▶ **Your goal**
Nothing but a verbatim copy of the data, minus the images, should be returned.

▶ **Information provided**
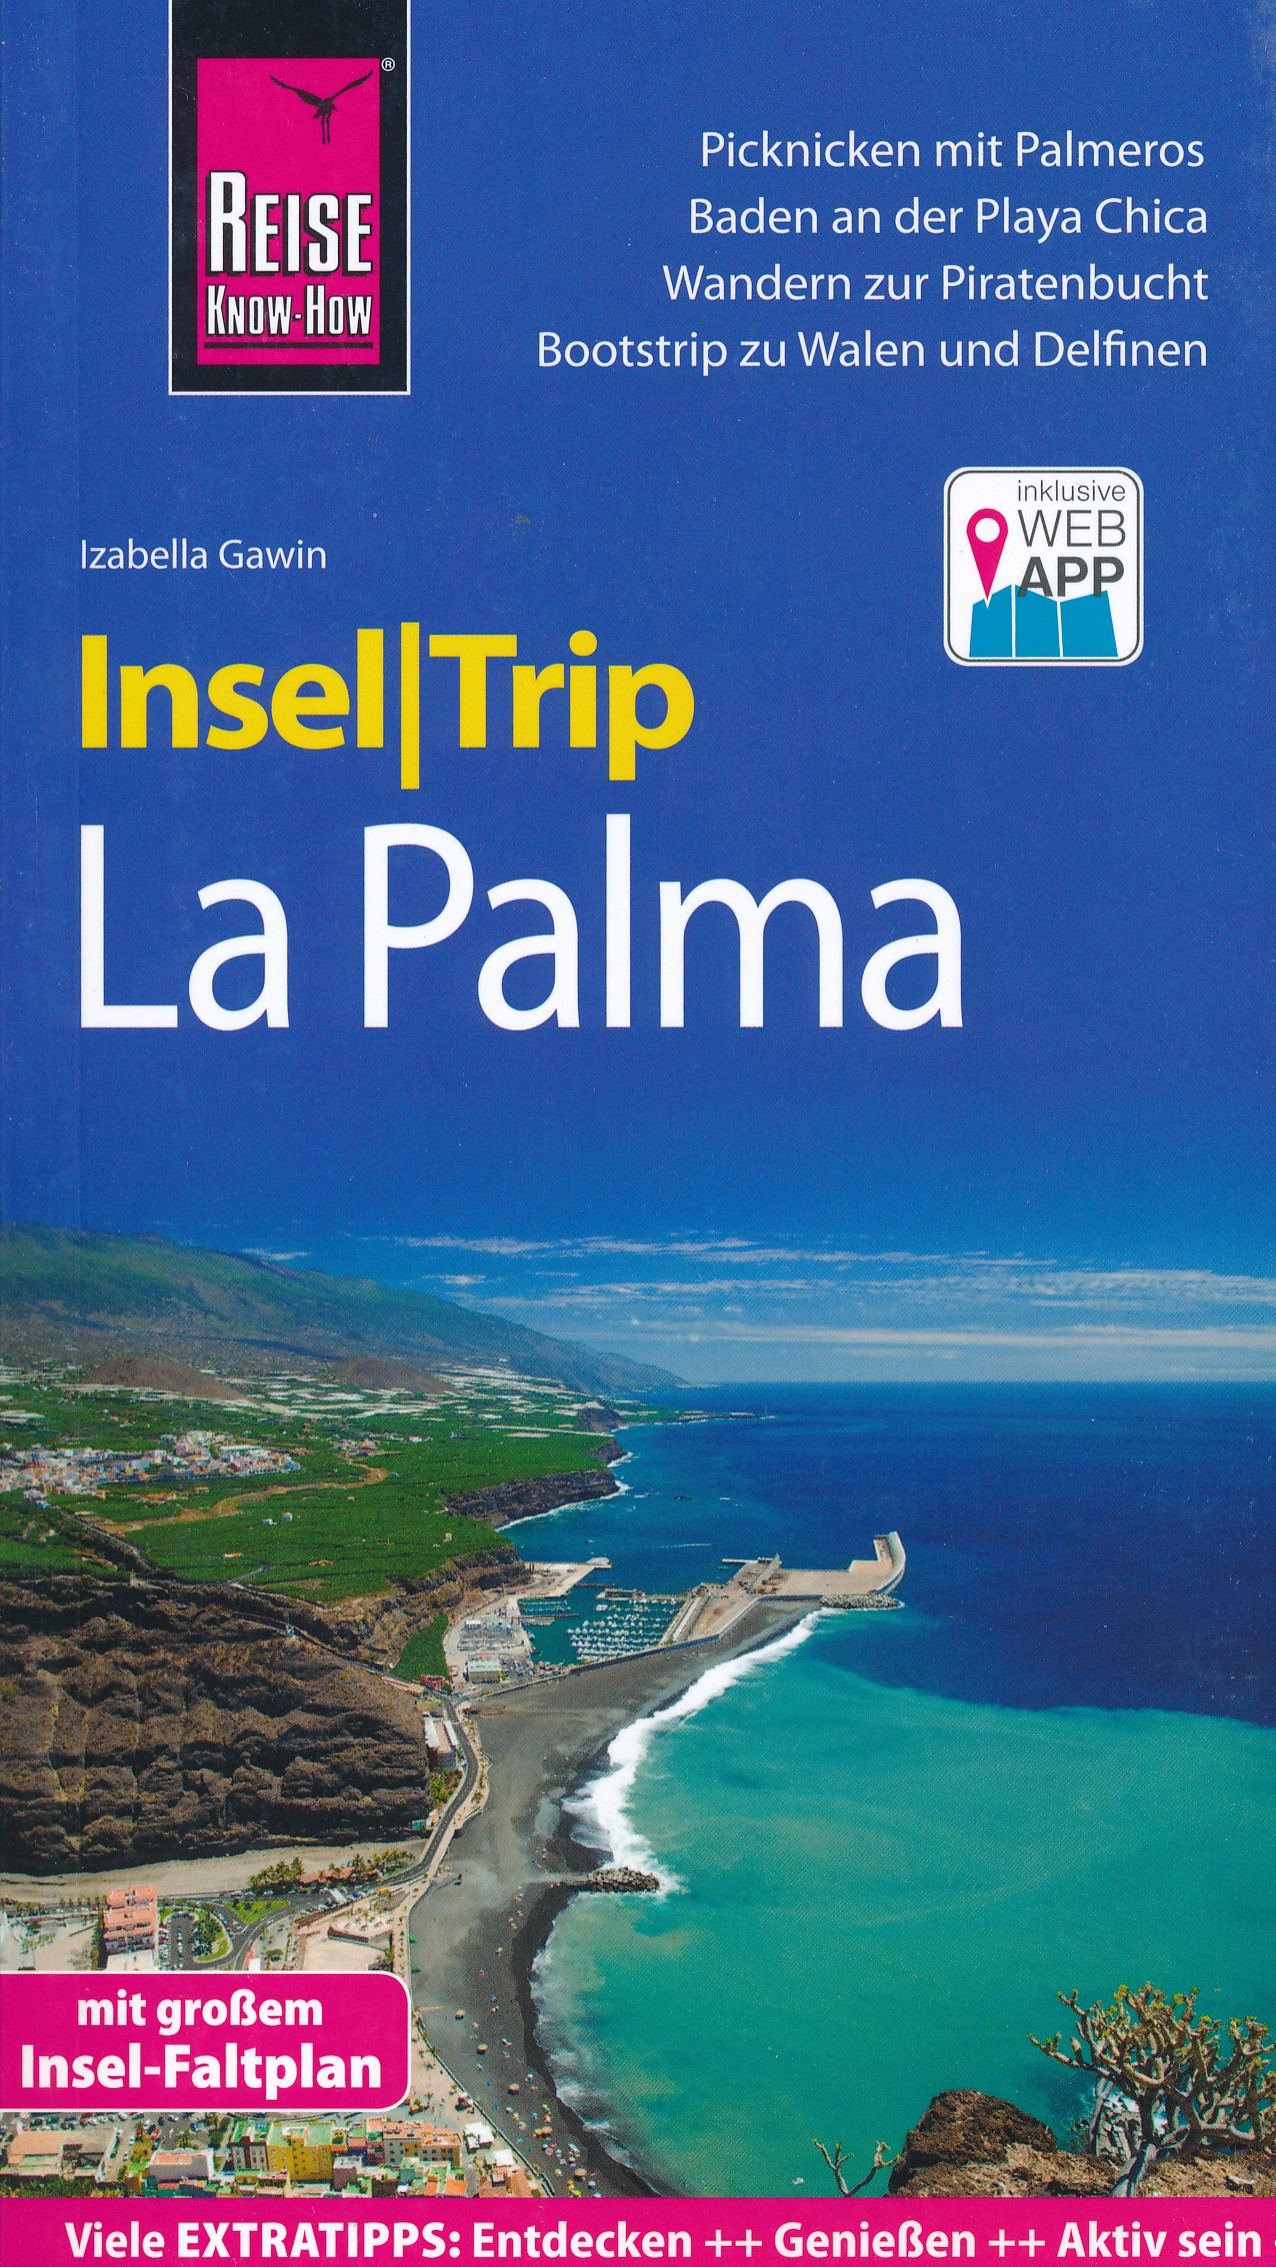 Online bestellen: Reisgids Insel|Trip La Palma | Reise Know-How Verlag
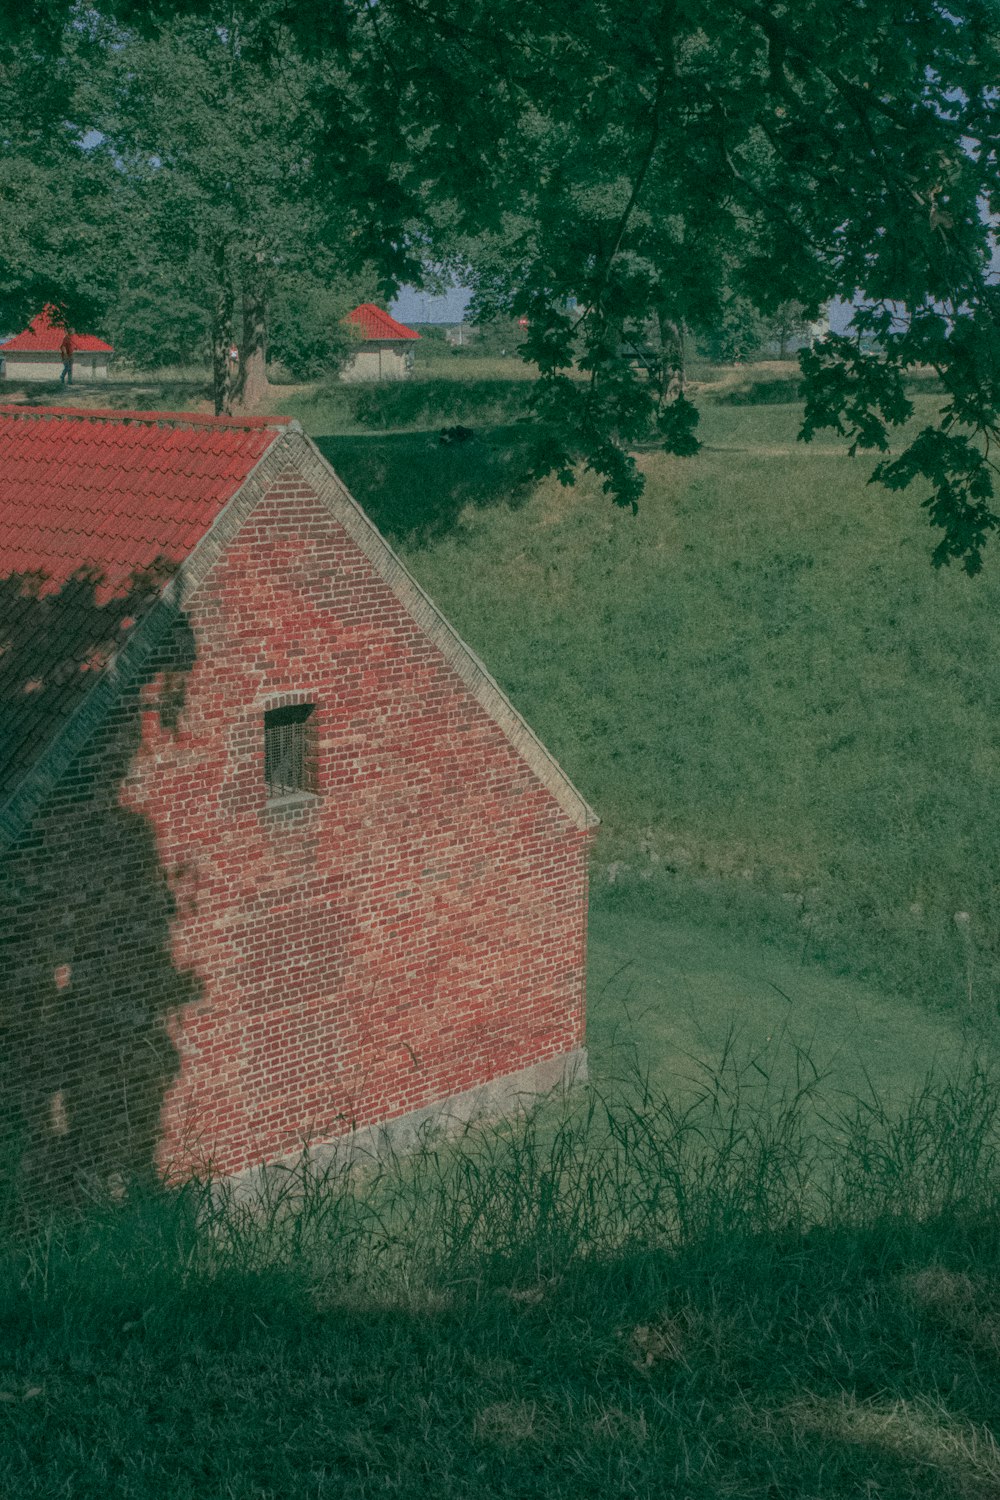 a brick building in a grassy field
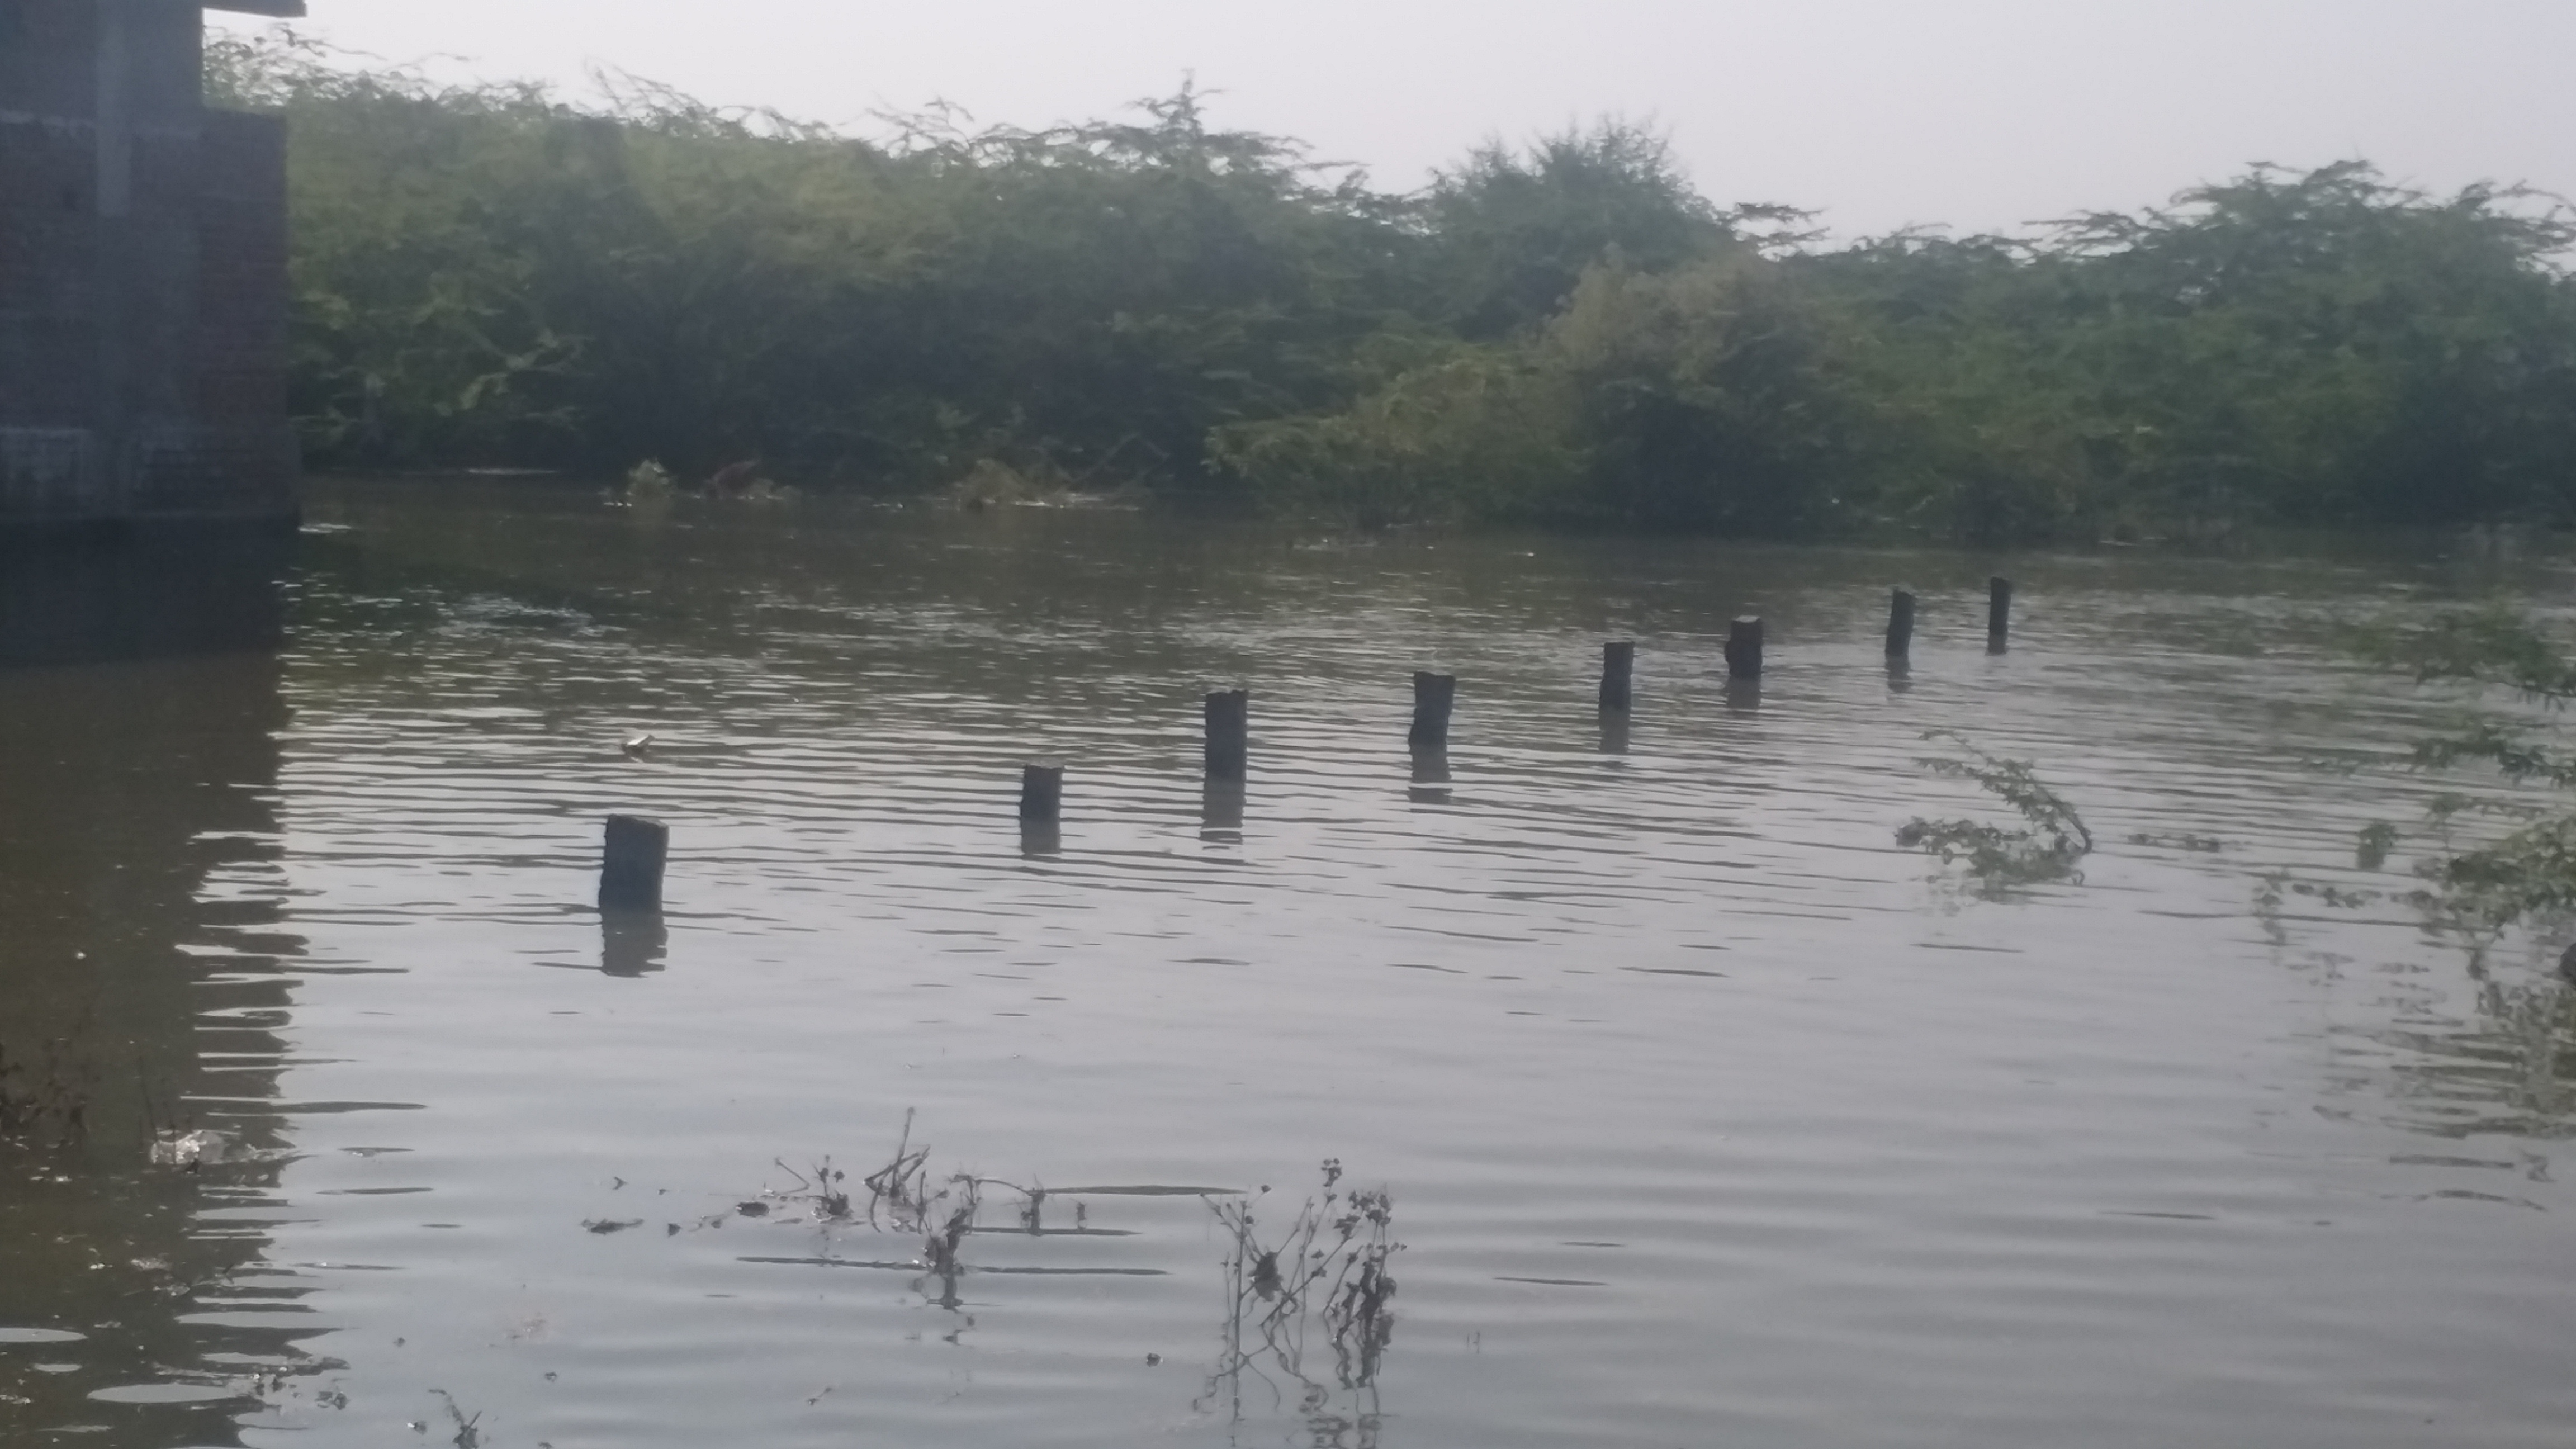 colonies-submerged-by-srsp-canal-flood-at-hanamkonda-in-warangal-urban-district
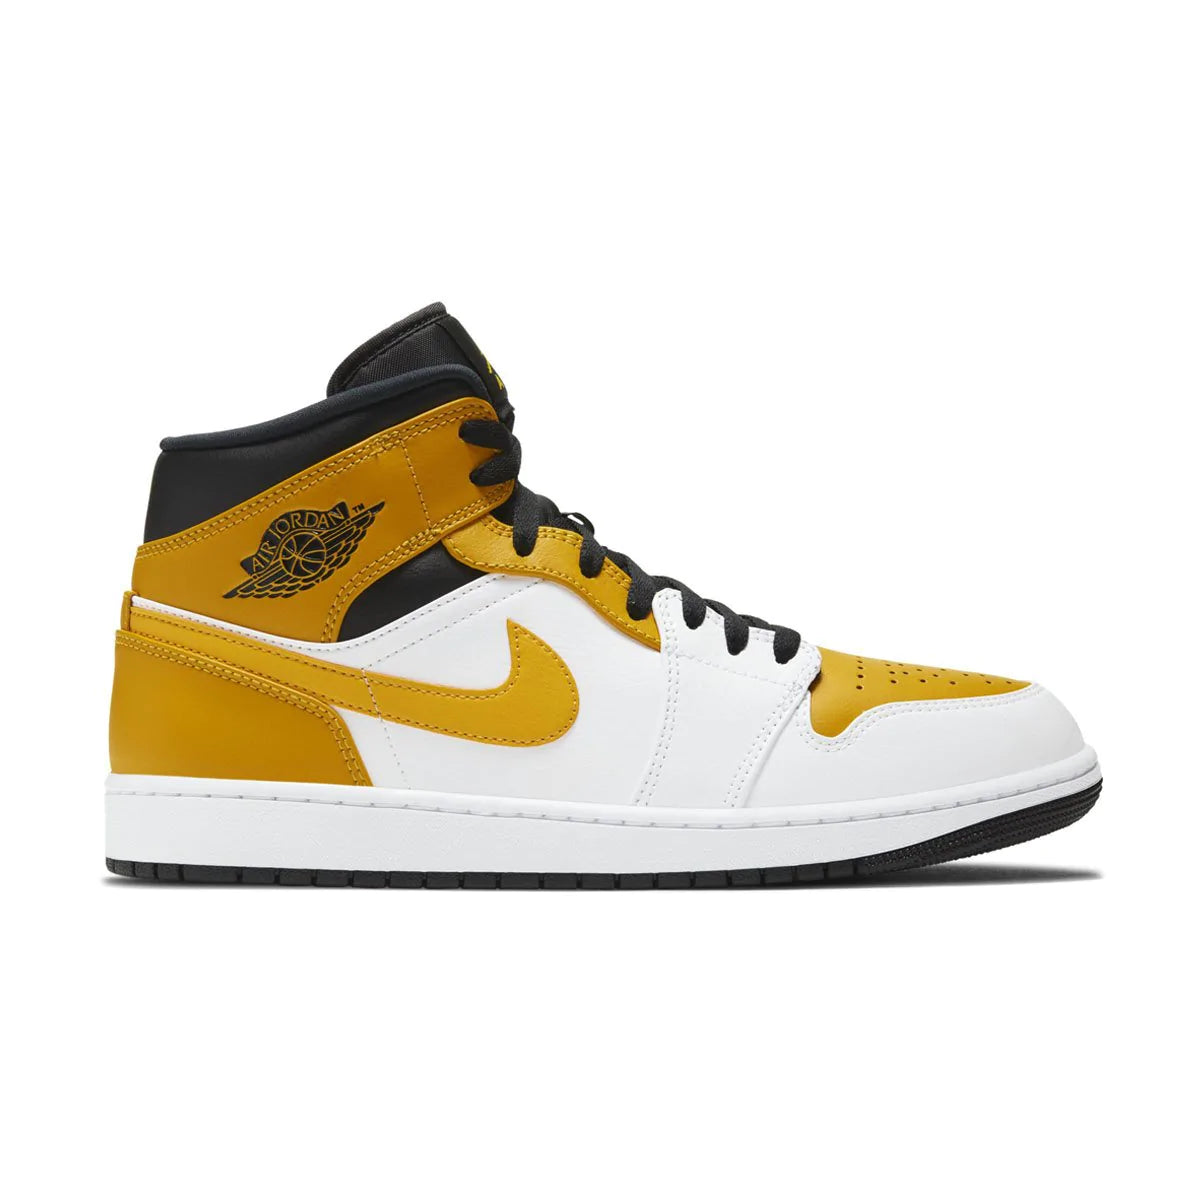 The Next Big Thing – Air Jordan 1 “Yellow Toe”

▶ **Answer space**
 Online bestellen: Reisgids Insel|Trip La Palma | Reise Know-How Verlag
 a brick building in a grassy field
 colonies-submerged-by-srsp-canal-flood-at-hanamkonda-in-warangal-urban-district
 The Next Big Thing – Air Jordan 1 “Yellow Toe”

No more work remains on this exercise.